## EXTRACTED DATA
Content starts

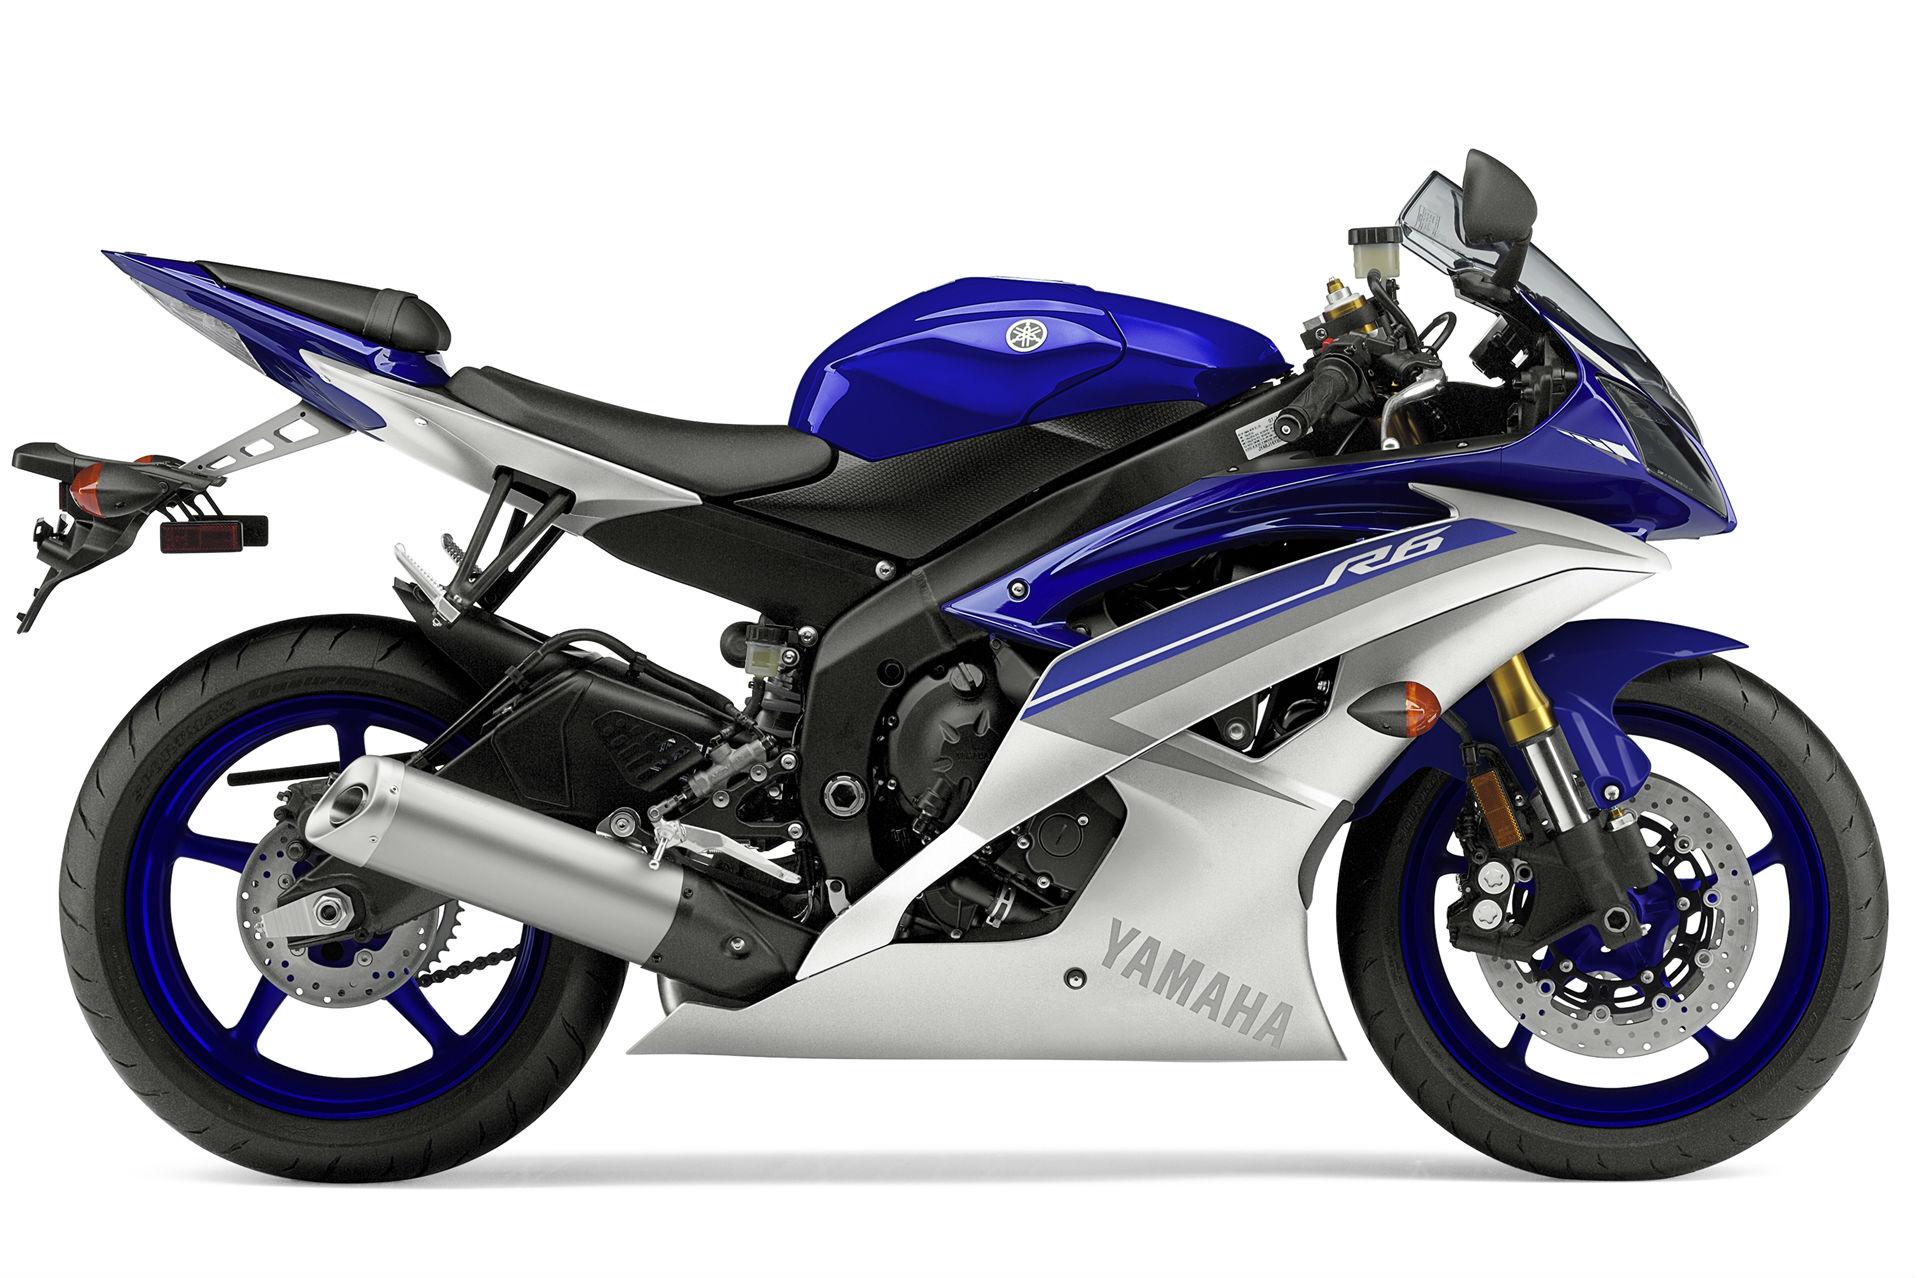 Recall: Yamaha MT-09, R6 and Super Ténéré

Content ends
Content starts

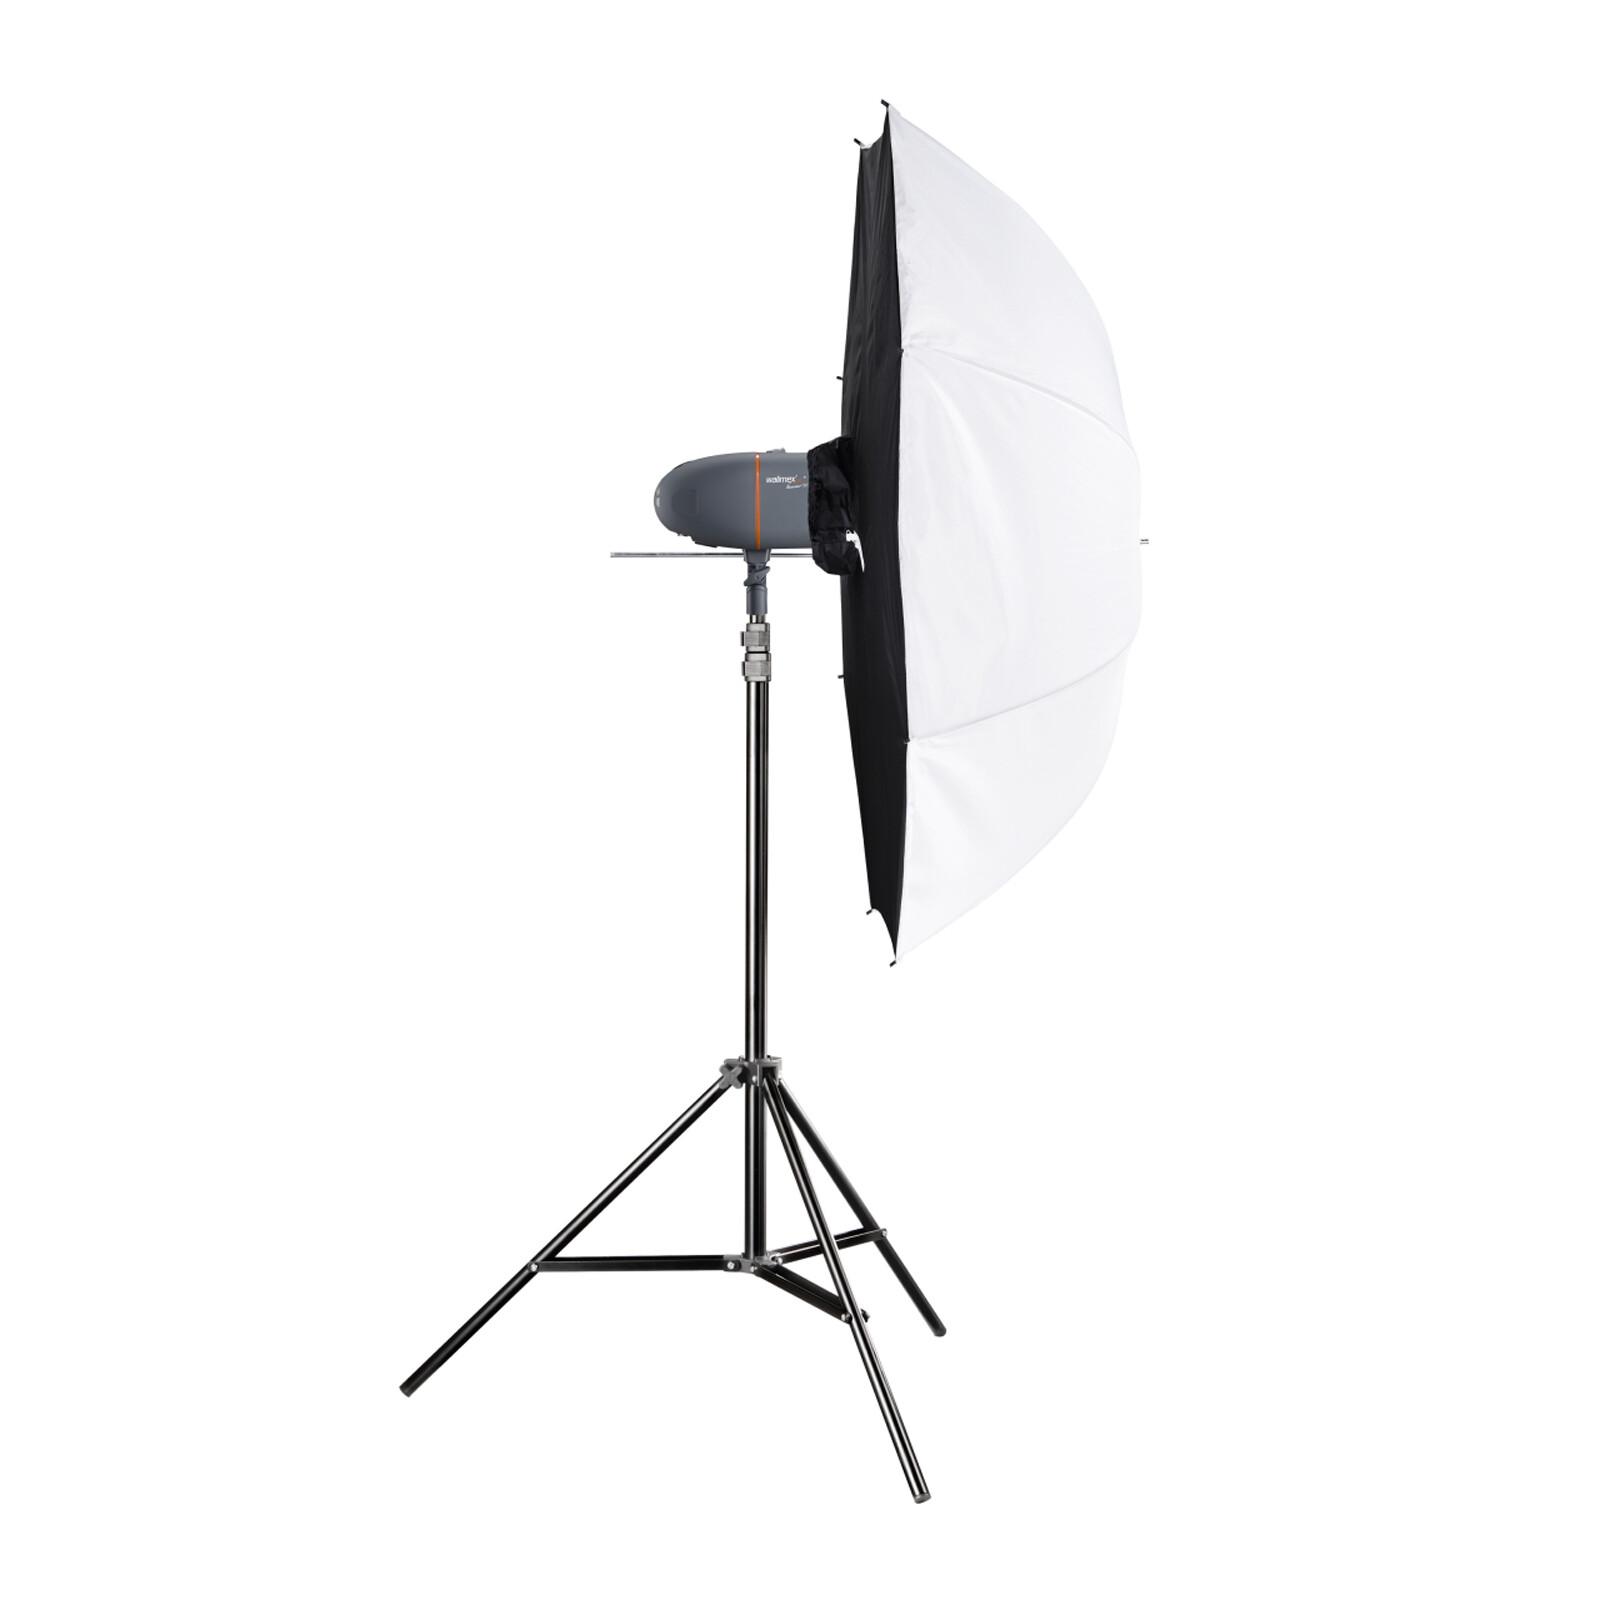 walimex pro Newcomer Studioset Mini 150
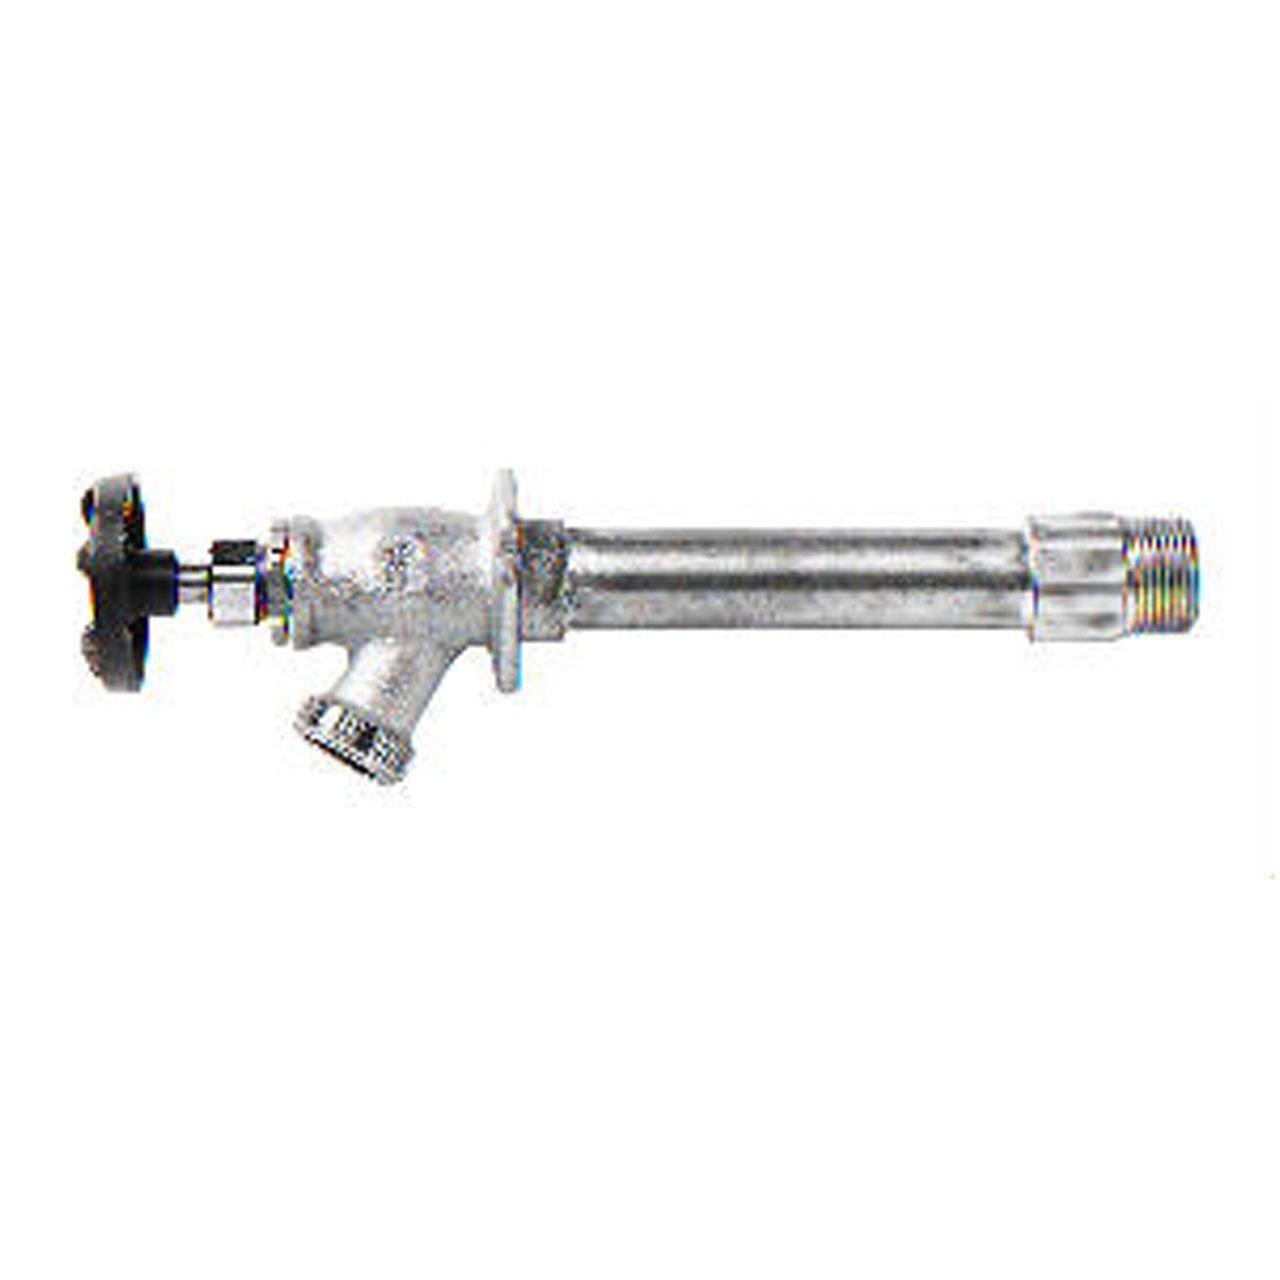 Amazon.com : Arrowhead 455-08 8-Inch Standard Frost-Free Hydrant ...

Content ends

## WORK REQUIRED
Look back at the data above, then output exactly the lines from the line holding "walimex pro Newcomer Studioset Mini 150" up to and including the line holding "Amazon.com : Arrowhead". Leave out the pictures.

## RESULT
 walimex pro Newcomer Studioset Mini 150
 Amazon.com : Arrowhead 455-08 8-Inch Standard Frost-Free Hydrant ...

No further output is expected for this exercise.